## TASK DIRECTIONS:
Output the data verbatim, minus the images.

── DATA PROVIDED

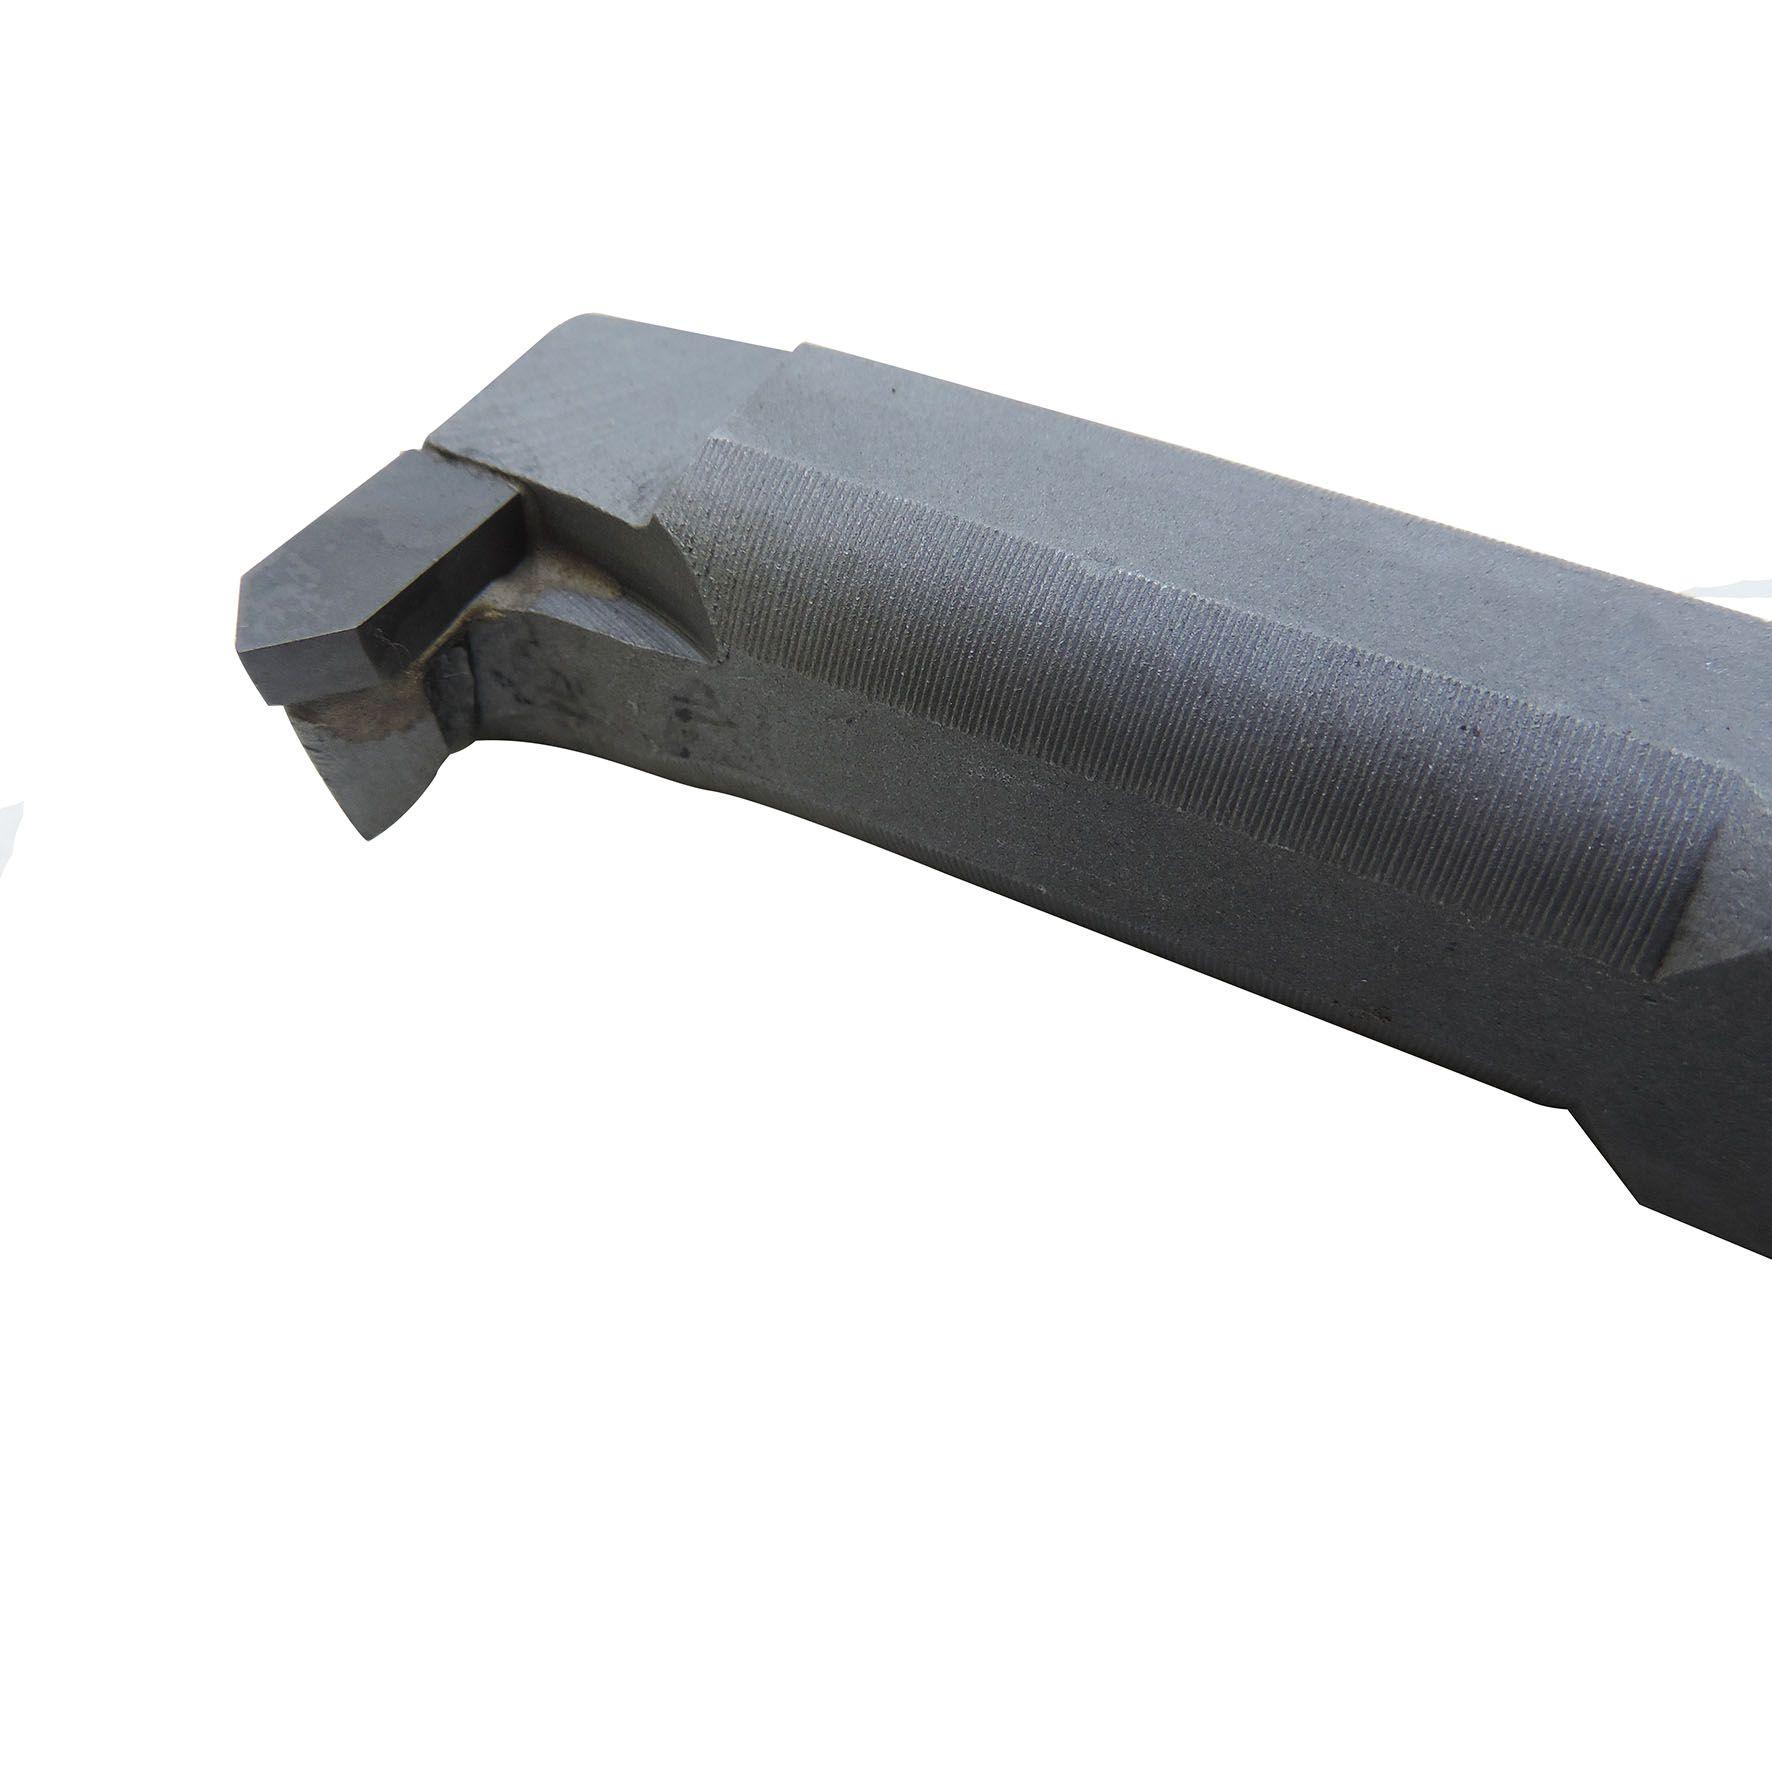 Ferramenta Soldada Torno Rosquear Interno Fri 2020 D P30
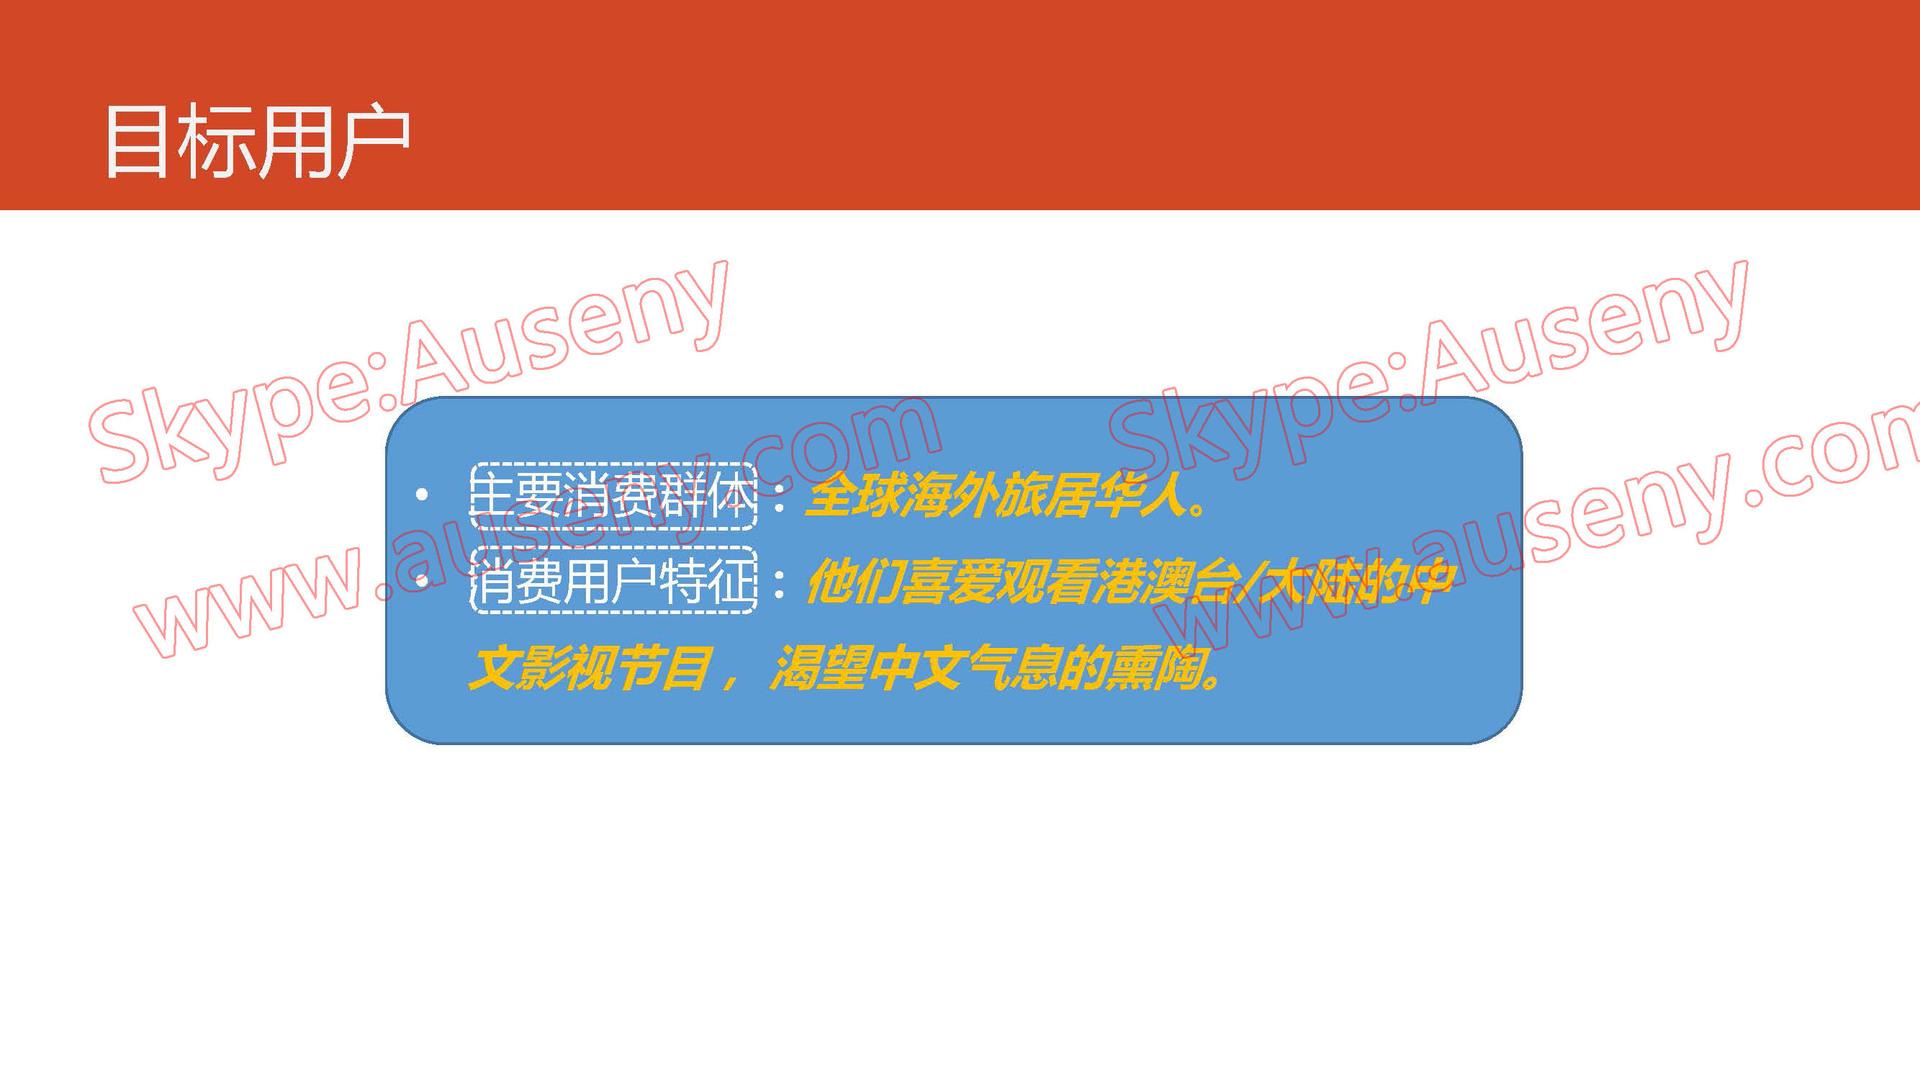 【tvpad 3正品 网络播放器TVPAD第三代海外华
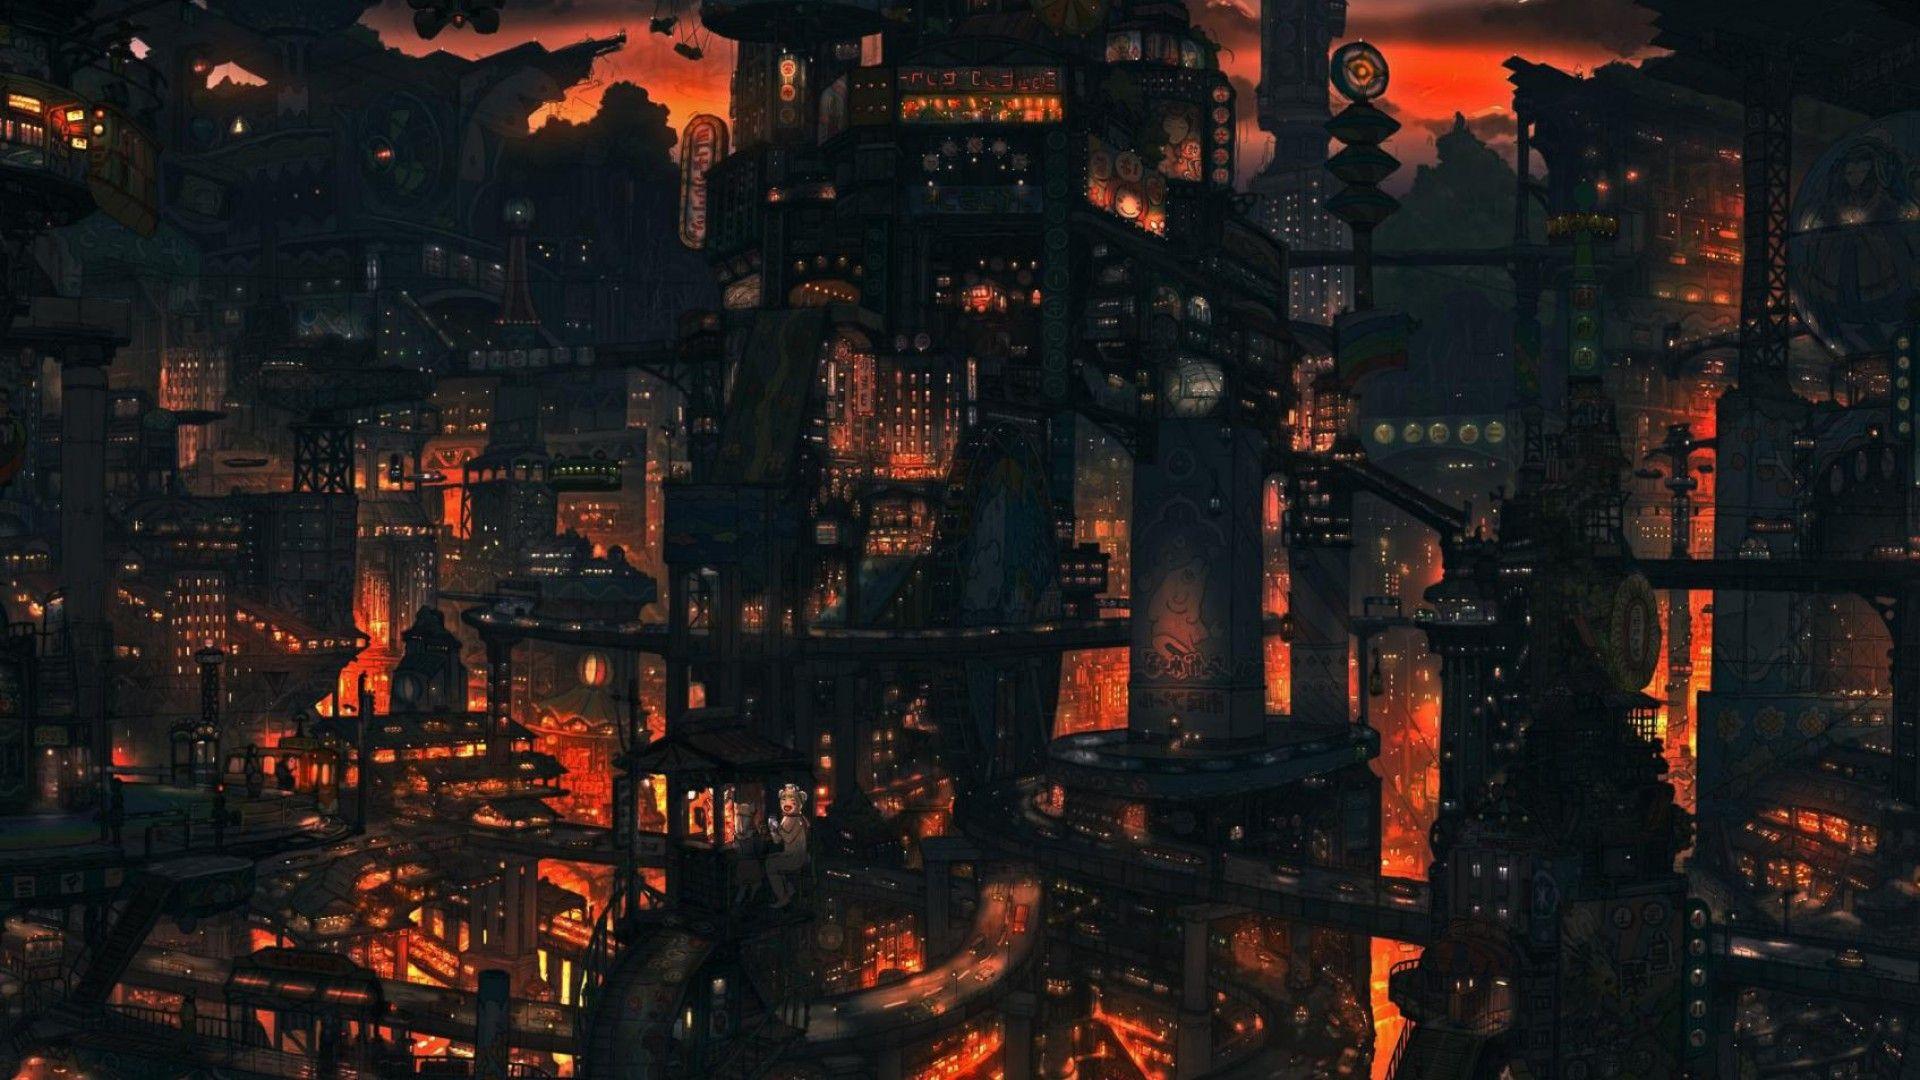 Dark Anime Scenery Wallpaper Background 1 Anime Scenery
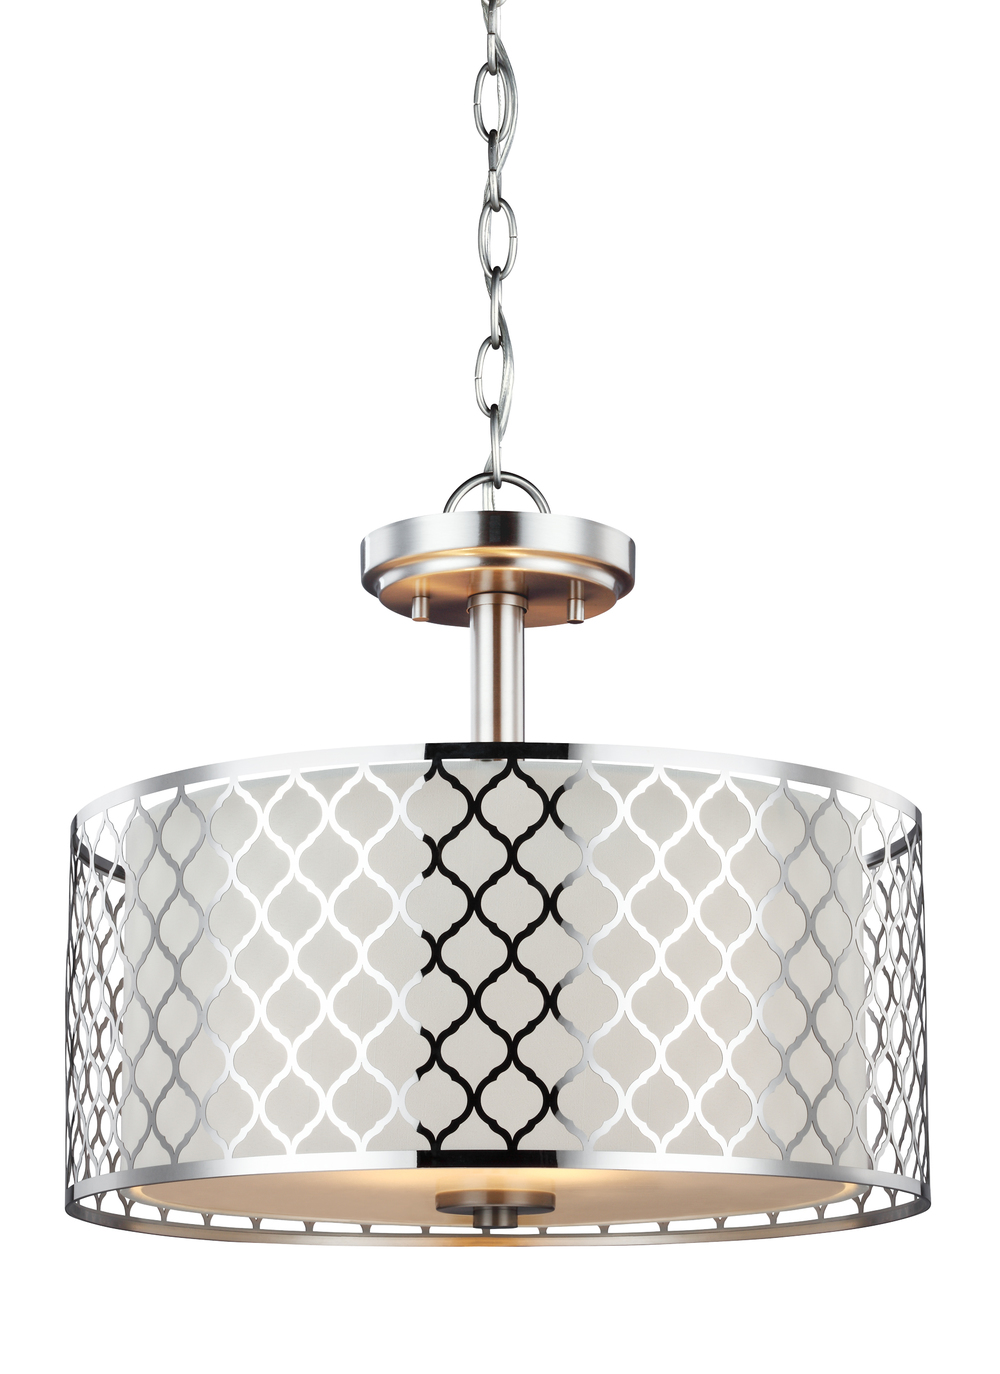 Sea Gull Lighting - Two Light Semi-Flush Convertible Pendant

────

## WRITTEN SOLUTION:
 Ferramenta Soldada Torno Rosquear Interno Fri 2020 D P30
 【tvpad 3正品 网络播放器TVPAD第三代海外华
 Dark Anime Scenery Wallpaper Background 1 Anime Scenery
 Sea Gull Lighting - Two Light Semi-Flush Convertible Pendant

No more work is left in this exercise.